To give some background, HDF5 allows use of chunking when saving a 3D array. This means that the array is partitioned into 3D chunks, and each chunk has the same dimensions.
Collective I/O means that intermediate buffering agents are used to gather information for processes that need to access data belonging to a contiguous region of a file. The relationship between chunk dimensions and the subgrid dimensions of each process determines whether collective I/O can be used and if so whether collective I/O is per-chunk or trans-chunk.
In the current implementation of parallel HDF5, collective I/O is not used when processes are cooperating to write a single array even if collective I/O is requested unless one of the following two requirements is met: the first requirement is that the portion of the array data written by each process must be contained in a single chunk. In which case the data for each chunk is collected and written independently. The documentation of the second case is less clear to me, but it seems that each chunk must be contained in the portion of data written by a single process and thath the number of chunks must be the same for all processes. In this case, I believe that collective I/O is trans-chunk and that multiple chunks are collected and written. If neither of these two cases holds, then in the current implementation of parallel HDF5 it defaults to independent I/O, where each process writes its output independently without any intermediate buffering to prevent contention for write access.

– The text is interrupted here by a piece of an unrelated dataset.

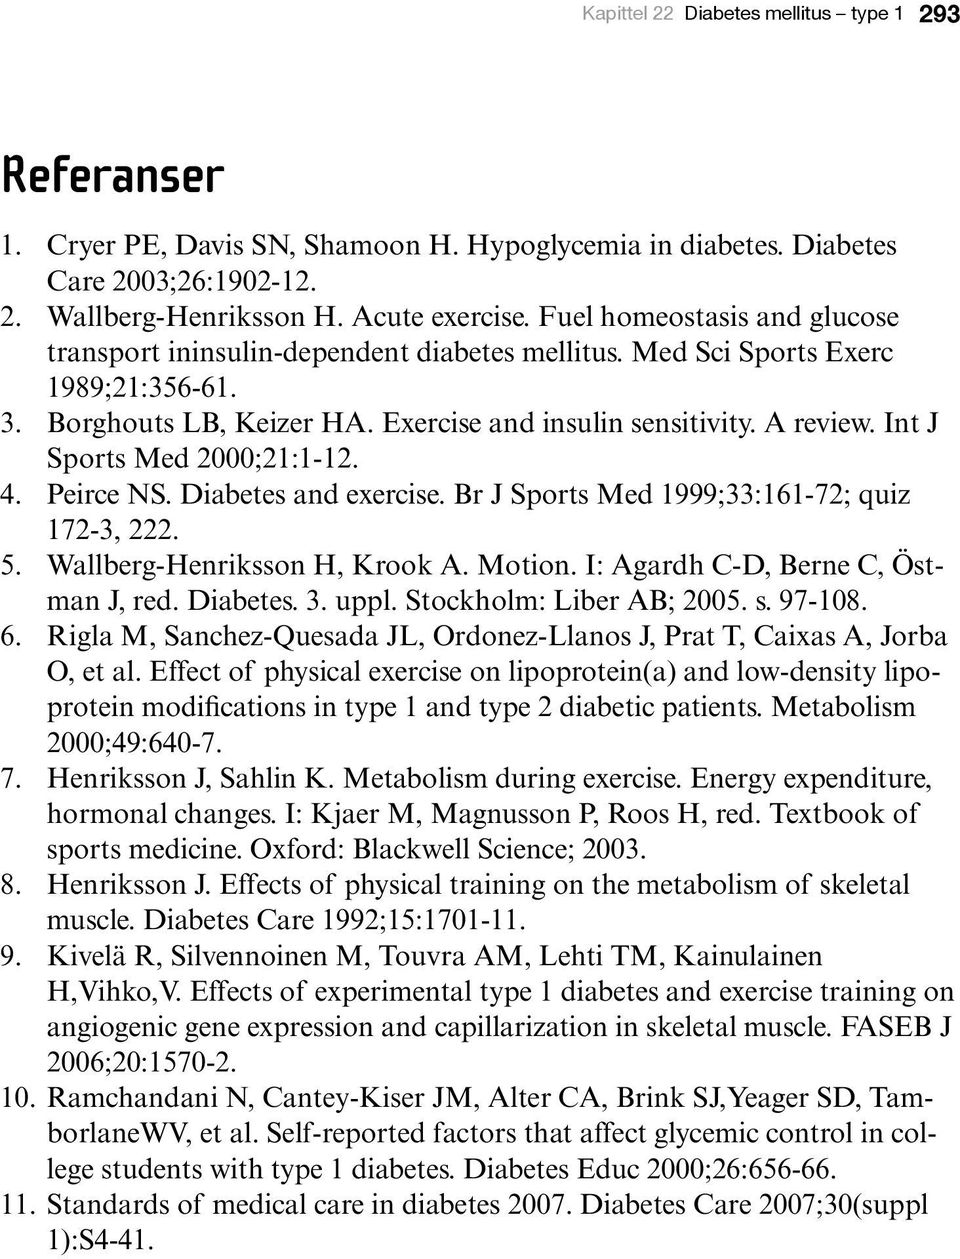 Int J Sports Med 2000;21:1-12. 4. Peirce NS. Diabetes and exercise. Br J Sports Med 1999;33:161-72; quiz 172-3, 222. 5. Wallberg-Henriksson H, Krook A. Motion. I: Agardh C-D, Berne C, Östman J, red.

See the official page for parallel HDF5 documentation, in particular the parallel HDF5 hints. Supposedly one can use H5Pset_dxpl_mpio_chunk_opt() to specify the mode of collective I/O (linked-chunk or multi-chunk), but the documentation is opaque about the restrictions on the basis of which this specification is accepted.
I want to check in code that eliminates the restriction that the dimensions of the process topology (XLEN,YLEN,ZLEN) must divide the corresponding dimensions of the mesh (nxc, nyc, nzc). Until now this has always been assumed in the code, and since the resolution of issue #10 this assumption has been explicitly enforced.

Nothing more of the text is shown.